:: DATASET ::
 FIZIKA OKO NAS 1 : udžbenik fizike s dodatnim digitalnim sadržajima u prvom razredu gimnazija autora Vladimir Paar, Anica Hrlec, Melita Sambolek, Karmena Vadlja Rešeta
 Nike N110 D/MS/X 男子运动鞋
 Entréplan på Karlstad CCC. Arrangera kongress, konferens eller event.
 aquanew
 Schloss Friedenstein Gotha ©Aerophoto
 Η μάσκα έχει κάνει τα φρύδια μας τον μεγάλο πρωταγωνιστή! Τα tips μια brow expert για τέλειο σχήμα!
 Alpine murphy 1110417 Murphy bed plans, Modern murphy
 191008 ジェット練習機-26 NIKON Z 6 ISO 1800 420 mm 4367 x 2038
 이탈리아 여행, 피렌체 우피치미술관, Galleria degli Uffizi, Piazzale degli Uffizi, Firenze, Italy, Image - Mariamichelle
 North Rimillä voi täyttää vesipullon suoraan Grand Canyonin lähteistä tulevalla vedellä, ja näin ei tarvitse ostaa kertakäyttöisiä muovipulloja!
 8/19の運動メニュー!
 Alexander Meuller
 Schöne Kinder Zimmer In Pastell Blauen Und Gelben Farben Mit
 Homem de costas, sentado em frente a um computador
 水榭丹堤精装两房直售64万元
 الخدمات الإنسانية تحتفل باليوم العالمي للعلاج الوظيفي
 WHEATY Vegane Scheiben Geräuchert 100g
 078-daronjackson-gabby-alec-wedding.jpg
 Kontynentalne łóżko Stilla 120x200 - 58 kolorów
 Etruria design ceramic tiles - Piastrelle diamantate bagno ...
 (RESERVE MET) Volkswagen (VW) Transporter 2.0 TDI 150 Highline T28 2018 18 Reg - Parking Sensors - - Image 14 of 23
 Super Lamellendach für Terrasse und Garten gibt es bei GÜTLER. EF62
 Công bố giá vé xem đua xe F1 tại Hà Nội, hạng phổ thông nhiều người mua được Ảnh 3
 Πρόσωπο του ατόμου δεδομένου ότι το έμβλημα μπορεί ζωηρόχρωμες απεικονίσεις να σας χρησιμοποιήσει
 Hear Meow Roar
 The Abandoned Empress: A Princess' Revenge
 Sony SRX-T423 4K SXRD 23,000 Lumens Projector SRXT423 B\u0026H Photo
:::
*GOAL OF THE EXERCISE*: Restate word for word only the lines above from the line containing "Η μάσκα έχει" to the line containing "191008 ジェット練習機-26 NIKON", both of them included.

*RESPONSE FOR THIS EXERCISE*:
 Η μάσκα έχει κάνει τα φρύδια μας τον μεγάλο πρωταγωνιστή! Τα tips μια brow expert για τέλειο σχήμα!
 Alpine murphy 1110417 Murphy bed plans, Modern murphy
 191008 ジェット練習機-26 NIKON Z 6 ISO 1800 420 mm 4367 x 2038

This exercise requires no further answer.